Is it EVER lower? Every time in recent history that a price has been wrong for me, it's been wrong because they "forgot" to put a sale into the system. But you better be sure the old sales are wiped immediately. I imagine this is because they expire automatically, but there's a reason the system is made that way.
Hanlon's razor is reversed when dealing with multi-billion dollar corporations.
No one is gonna report you to police for failing to scan a €0.50 piece of bread when doing €80 worth of grocery shopping
Lol, in Finland you definitely will get reported for forgetting to scan a 0,50€ yoghurt. And it will go to court.
That's crazy, it's the tills job to weigh the items and report error if it doesn't add up, how would that be my fault? I'd hope to be innocent unless cameras prove I put the yoghurt in my pocket.
Not that I love cameras tracking my every move, but that's another topic...
The more likely scenario is that you just neglect to scan that case of beer, or those ribeye steaks.
It very much depends on your skin colour. Me, as a white guy in Austria, no, they wouldn't report me. I'd be very sorry about the mistake and I'd pay for it, and of course it would just be a mistake.
A friend of mine who's parents are from Afghanistan, he gets stopped all the time by store detectives, even though he works as a software developer for the same company. He's never made a scanning mistake, but if he would, there would be no doubt they'd report him. They stop him even though he did nothing suspicious apart from having slightly darker skin and a beard.
A couple years ago, I accidentally walked out without paying. I did slide my credit card but didn’t pay attention to what happened. I thought I was done and left, but apparently it didn’t actually work. A minute later they chased me down, but they just let me come back and pay. No big deal.

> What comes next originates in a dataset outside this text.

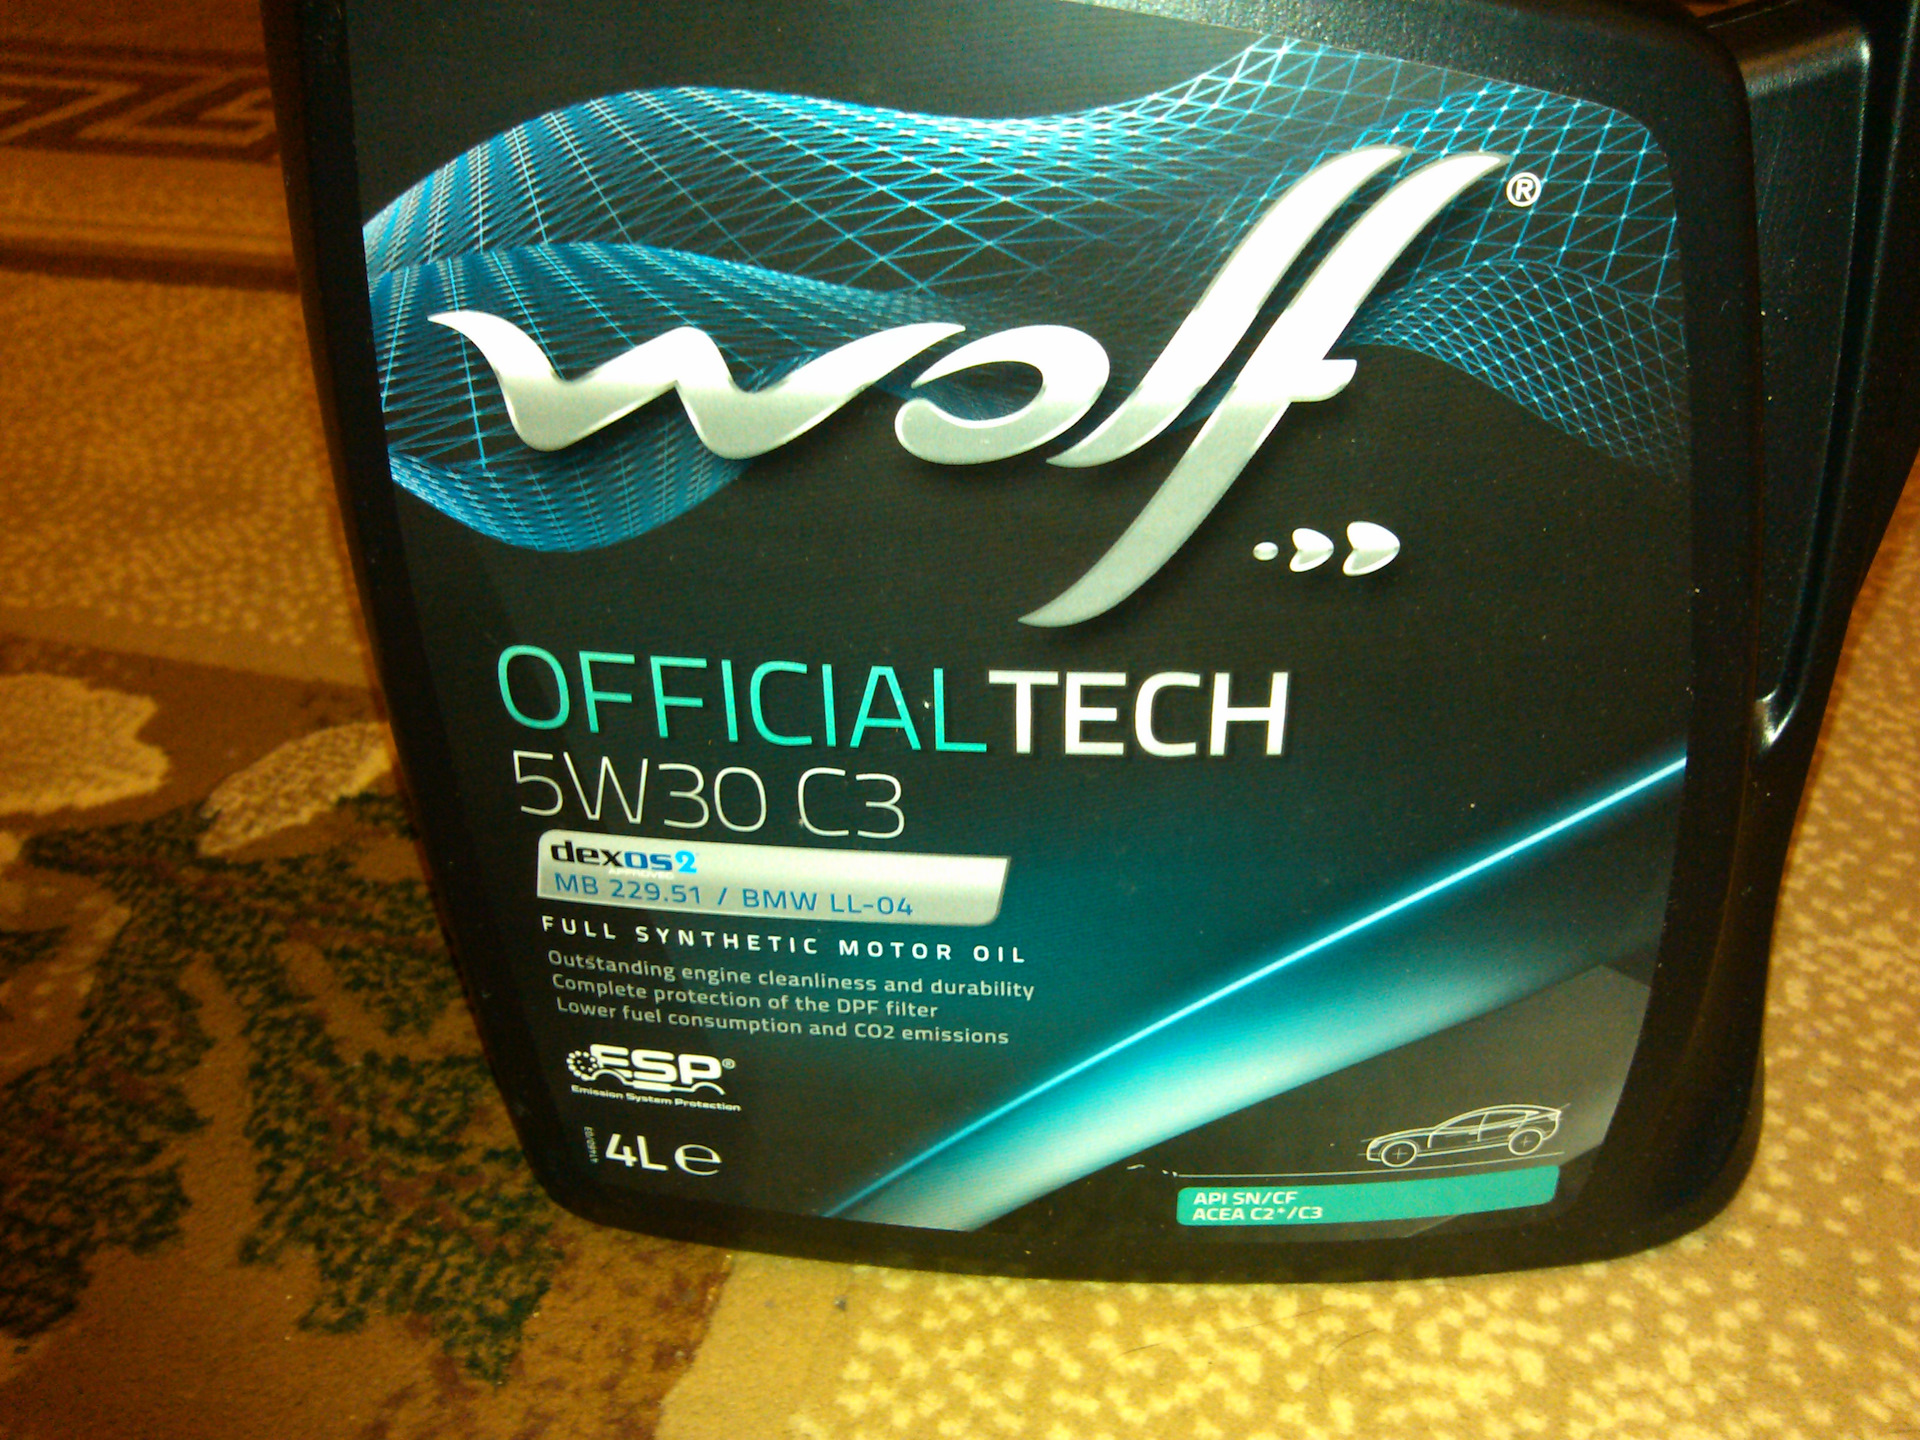 Купить масло вольт. Wolf OFFICIALTECH 5w30 артикул 8308116. Wolf officialtech5w30 c2/c3. Масло Wolf 5w30 c3. Масло Wolf 5w30 OFFICIALTECH c3.

I don’t know if it was because I was cooperative, or claimed innocence or was white
It’s also helpful that I have notification on for that card. I proved to myself immediately that the charge didn’t work and it was just me not getting paying attention
Are you sure that it's considered theft just for an incorrect scan?
That's a decision made about you by other people who don't know you, and aren't inclined to give you the benefit of the doubt.
The letter of the law is the letter of the law afaik
They even call the security and police. Yes, they call it thief.
Fair, you may be pulled to a court for no reason.
Are you sure it's theft if you scan something incorrectly? Seems like a huge allegation.